May be a little, not much ;-)

Seriously, you have brought out good (if not excellent) points. I myself am
rooting for a standard lightweight XML Infrastructure which can do stuff (I
know not an engineering term ;-0) Instead of automating business process by
business process we should have an XML dial-tone which can adopt and adapt.

I do disagree on your views on global standards. Yep, they take longer (and
I actually would prefer a time boxed approach where the first version will
be out within six months of starting a standards group), but the buy-in,
shared vision, due-diligence and knowledge make up for the delay. There is a
thin line between a group developing a standard very quickly and a standards
body taking a little more time.

And yes, a bunch of folks from different organizations can develop an ebXML
engine which will stand the tests of time. One idea is to develop an ebXML
engine under the Apache Organization which has and will have some of the
bright minds.


-----Original Message-----
From: Todd Boyle [mailto:tboyle@rosehill.net]
Sent: Saturday, April 07, 2001 2:50 PM
To: AlanKotok@cs.com; ebxml-awareness@lists.ebxml.org

Alan said,

> You have identified a key problem.  The public affairs challenge
> we face is to break through the enertia and skepticism.  The
> succession of public POCs since December has chipped away at some
> of the skepticism.  But to break through the enertia takes
> something that makes the kids say 'Cool' or us boomers say 'Groovy'.
> For what its worth, my suggestion to break through the enertia is to get
> end-users on board with ebXML.  So far those identified with
> ebXML have been mainly vendors, consultants, and standards junkies.

Here look at this.

My mailbox is stuffed with things like this every single day.
Whole magazines full of this stuff. The mags include these
http://www.advisor.com , http://www.xmlmag.com/
http://msdn.microsoft.com/msdnmag/default.asp , www.entmag.com/ ,

Their stuff works.  Because they have 1,000 people working on it
50 hours a week.  That takes money.  Why do they spend so much
money?  Because they will own the category, just like they own
the desktop and the wordprocessor and spreadsheet.  Show me any
product that remotely competes with Biztalk server for $1000.

If the rest of the industry (Sun, IBM, et al) want ebXML to happen,
they should get together, and hire everybody who built ebXML, and
call it a joint venture.  Hire a bunch of credible, experienced
people to do nothing but explain what ebXML 2.0 is doing, and
hire a bunch more people to test it, etc.  Whoever you can't hire,
you can almost certainly borrow for 3 months.

I honestly think that if you put all these people into an office
building someplace for about 90 days, you would have something
usable because unlike 18 months ago there is a shared vision.

You need a Manhattan project.  With some urgency.  Forget about the
UN/CEFACT process.  Leave it behind.  Honor EDI, and other legacy.
but uncouple ebXML dev. from the sponsoring organizations.  Take
it to them in weekly reports.  Give them 30 days to respond then
move forward.  If Europeans are so worried about fairness, then they
can buck up some money and send people to work on the project.

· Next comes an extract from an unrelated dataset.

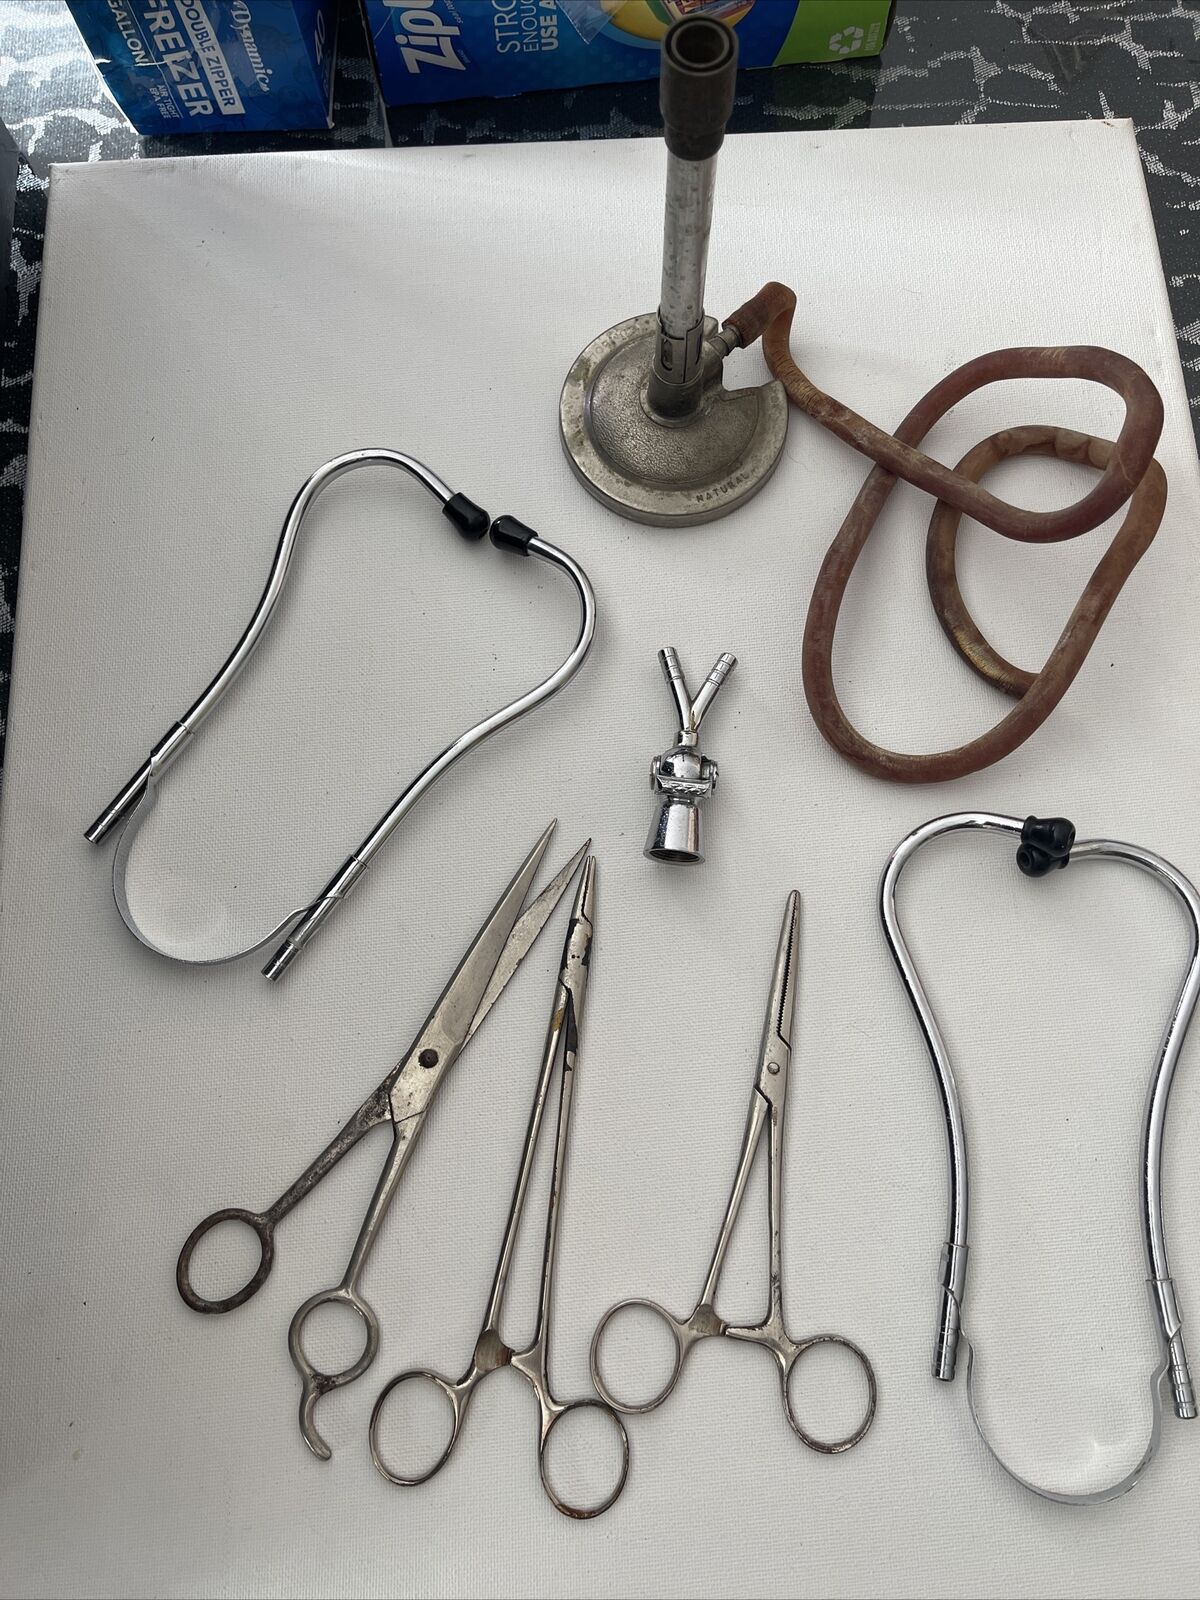 Vintage Medical Tools/Equipment Lot

For their part, I think UN/CEFACT, DISA X.12, OAGIS, Bolero/Swift,
CommerceOne, and everybody else who is competing to build basic,
horizontal vocabularies should agree to sunset all of them, at a
point certain, 12 months from now, and commit to Core Components.

Jump off a cliff together like Robert Redford and Paul Newman.

Do the work, to reconcile the models.  They are not that incompatible.
They are just different.  And reconcilation is a lot of work.  In
other words, resolving the models is just a matter of money.

The reconciliation job is a classic matrix management problem--two
dimensions of teams are needed, obviously the industry teams D1, D2, etc.
and also, the base classes teams.  So the job is impossible without a
groupware infrastructure.  Our infra. at ebXML was bad the first 6-9 mos,
still *mediocre.*  I hope we never have another major ebXML conference
without an 802.11 LAN for coordinating the work and changes, of the
teams, and providing timely views to the attendees.  This would cost
what?  $10,000 for a fileserver, 4 NAPs and 50 cards.  Peanuts.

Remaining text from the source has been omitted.